Trump’s decision to pause the higher levies for 90 days on Thursday fuelled the biggest single-day jump in the euro since 2015. By Friday it had hit a three-year high above $1.14, building on the rally that had started weeks earlier after Germany announced a massive spending plan.
While policymakers in the region are talking up their currency as a global player, becoming a currency of choice could hurt European exporters which have benefited from a cheaper euro during global economic slowdowns, analysts warn.
Its strength has been broad, hitting a 17-month high versus Britain’s pound and trading around 11-year highs on China’s yuan, which has taken it to a record on a trade-weighted basis.
Safe havens like the Japanese yen and Swiss franc have also strengthened. But unlike those currencies, the euro normally weakens against the dollar in times of stress.
What’s more, at the start of the year, the euro was trading around $1.03, and analysts then expected it to fall below $1 if tariffs were imposed. These bets are now being dramatically reassessed.
Repatriation
There is plenty to sell.

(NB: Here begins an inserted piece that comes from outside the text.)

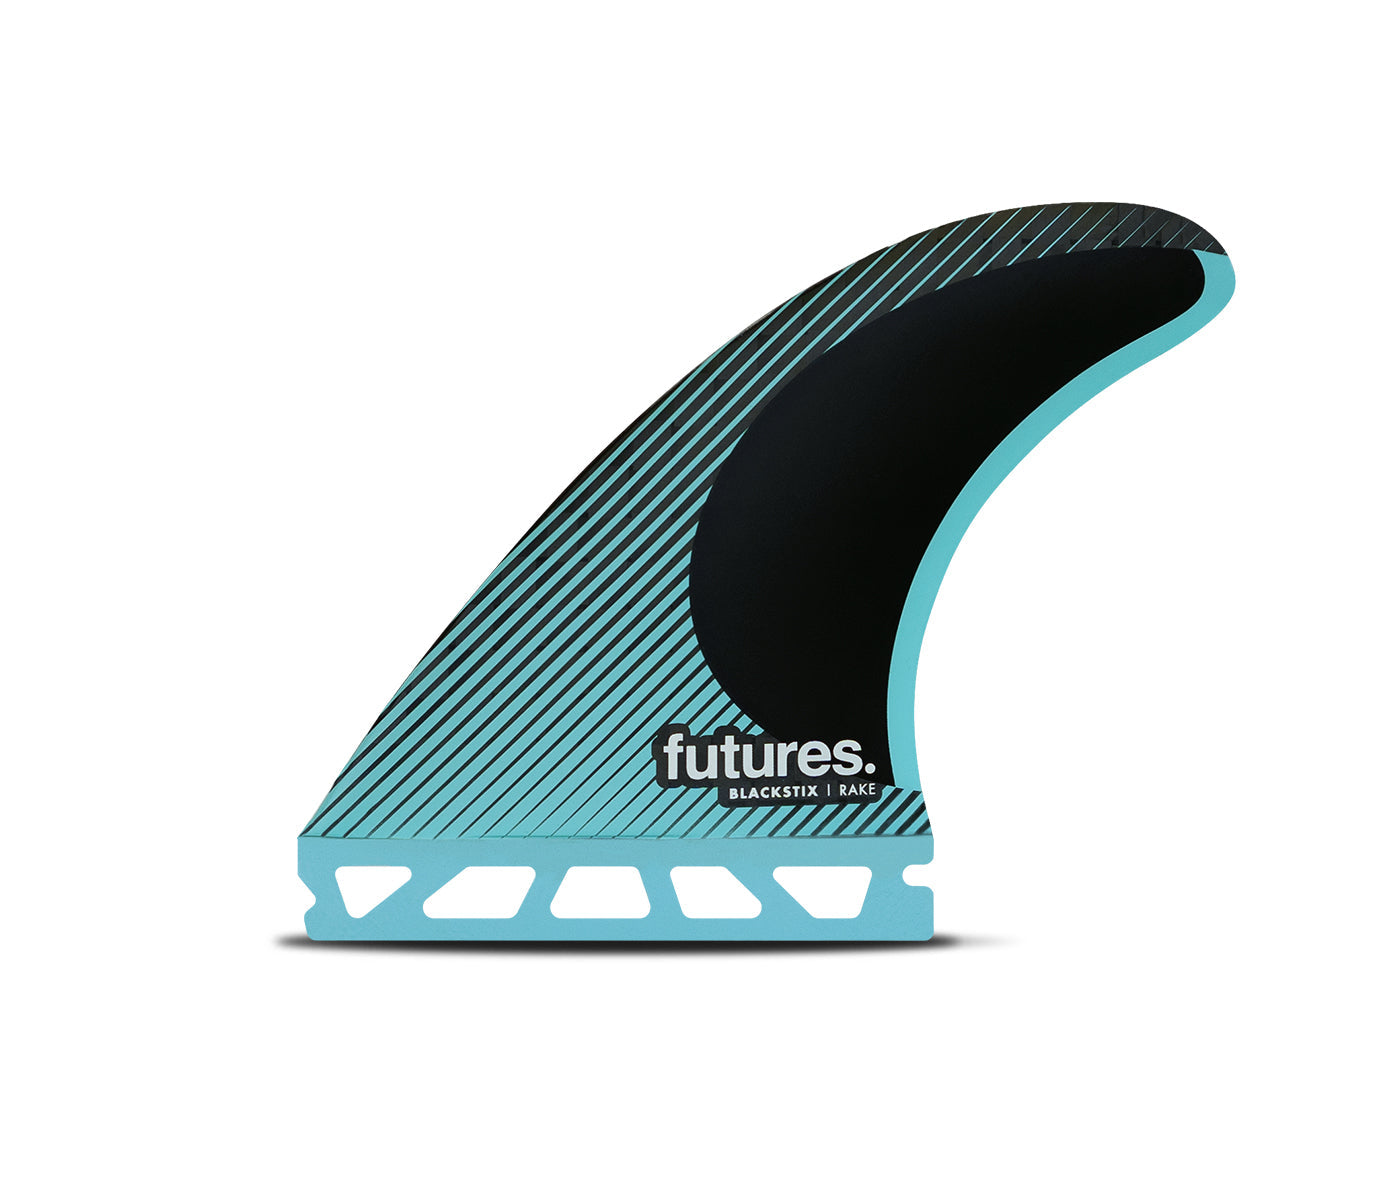 Futures R4 BLACKSTIX RAKE - Board Store FuturesFins

Foreign holdings of US assets had surged to $62 trillion in 2024 from $13 trillion a decade earlier as international investors flocked to outperforming American stocks, bonds and real estate.

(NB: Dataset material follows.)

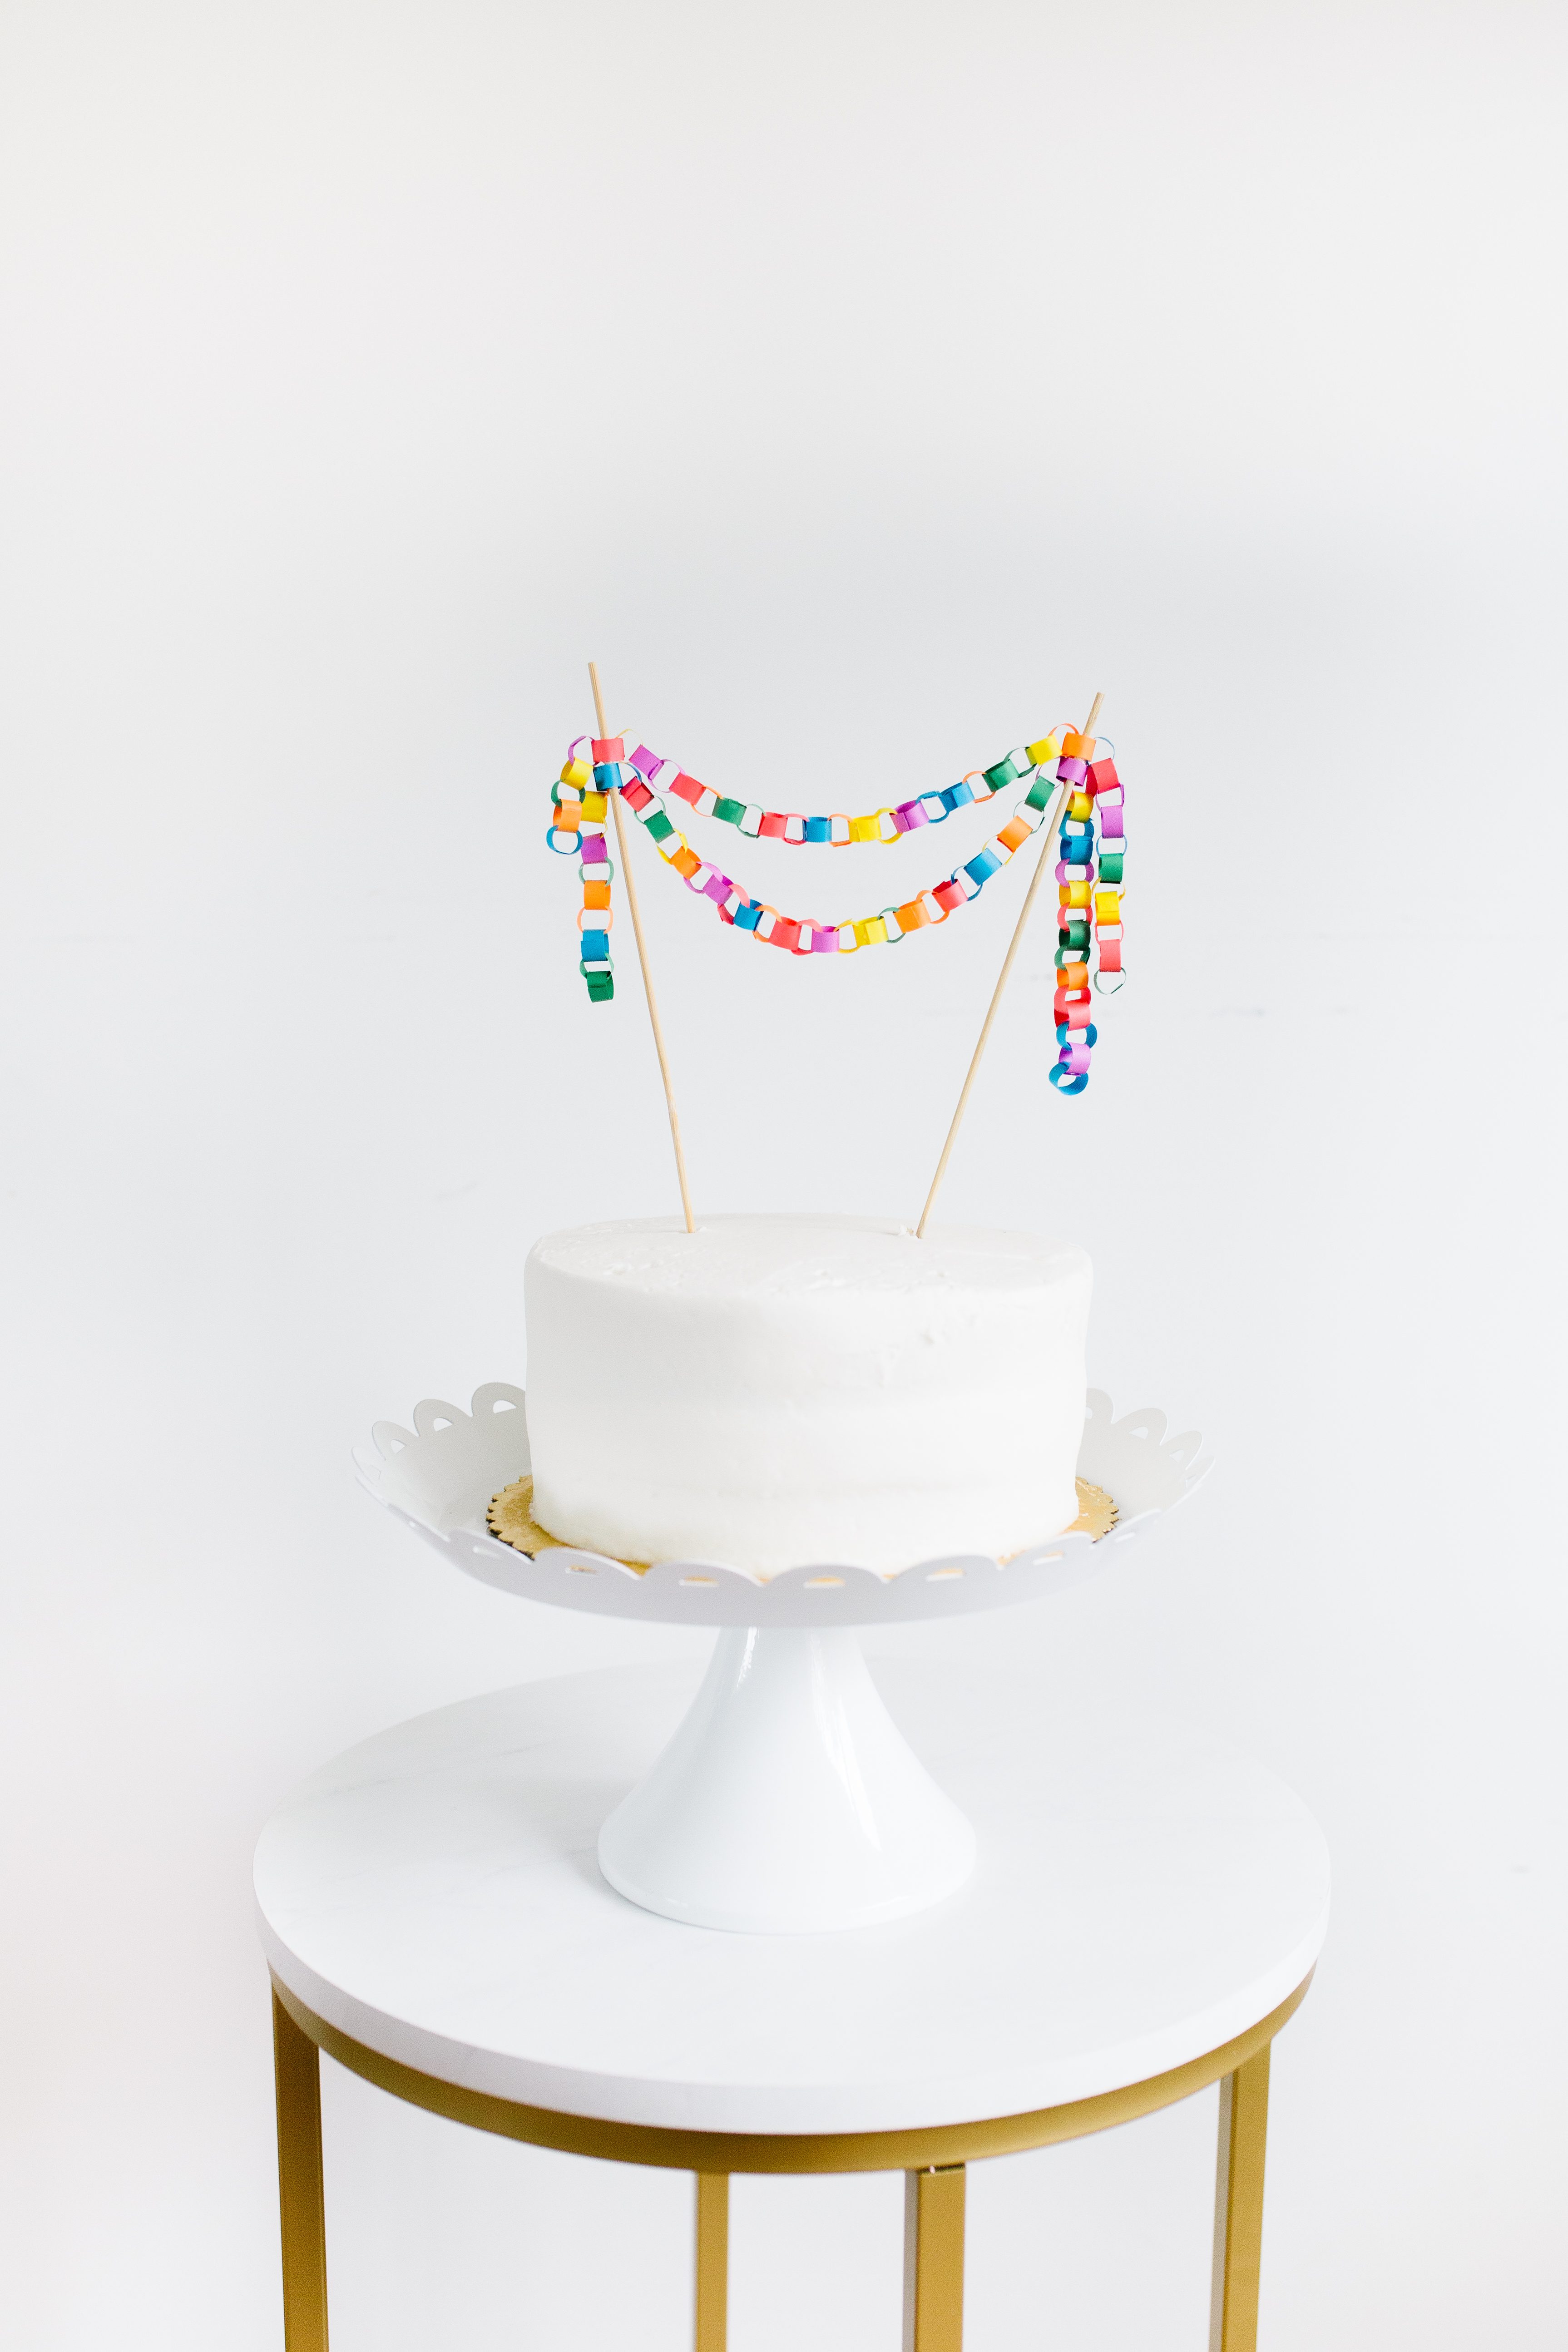 Welcome to Paper.Scissors.Cake Art Studio! - Paper.Scissors.Cake.

The euro area accounts for the biggest share of foreign ownership of US assets when broken down by currency, according to data from Adam Pickett, Citi’s head of global macro strategy. “I think this story can run as long as the reallocation runs,” he said, drawing comparison with late 2022, when European stocks outperformed the S&P 500 for around six months and the euro gained around 10%.
“Then there are lots of pie-in-the-sky type discussions around whether the isolationism and lack of trust in US institutions means, longer-term, people are less confident in holding on to US assets. That’s a much more difficult story to map out.” There are indeed many moving parts in very volatile markets and not everyone agrees on how things will develop.
“A shift out of US assets in a secular long-term sense is not something that can be engineered in a week,” said Lefteris Farmakis, senior FX strategist at Barclays. Instead, traders were re-evaluating their earlier view that the euro would be among the harder-hit currencies from tariffs, he said, and this accounted for the strength of the rally.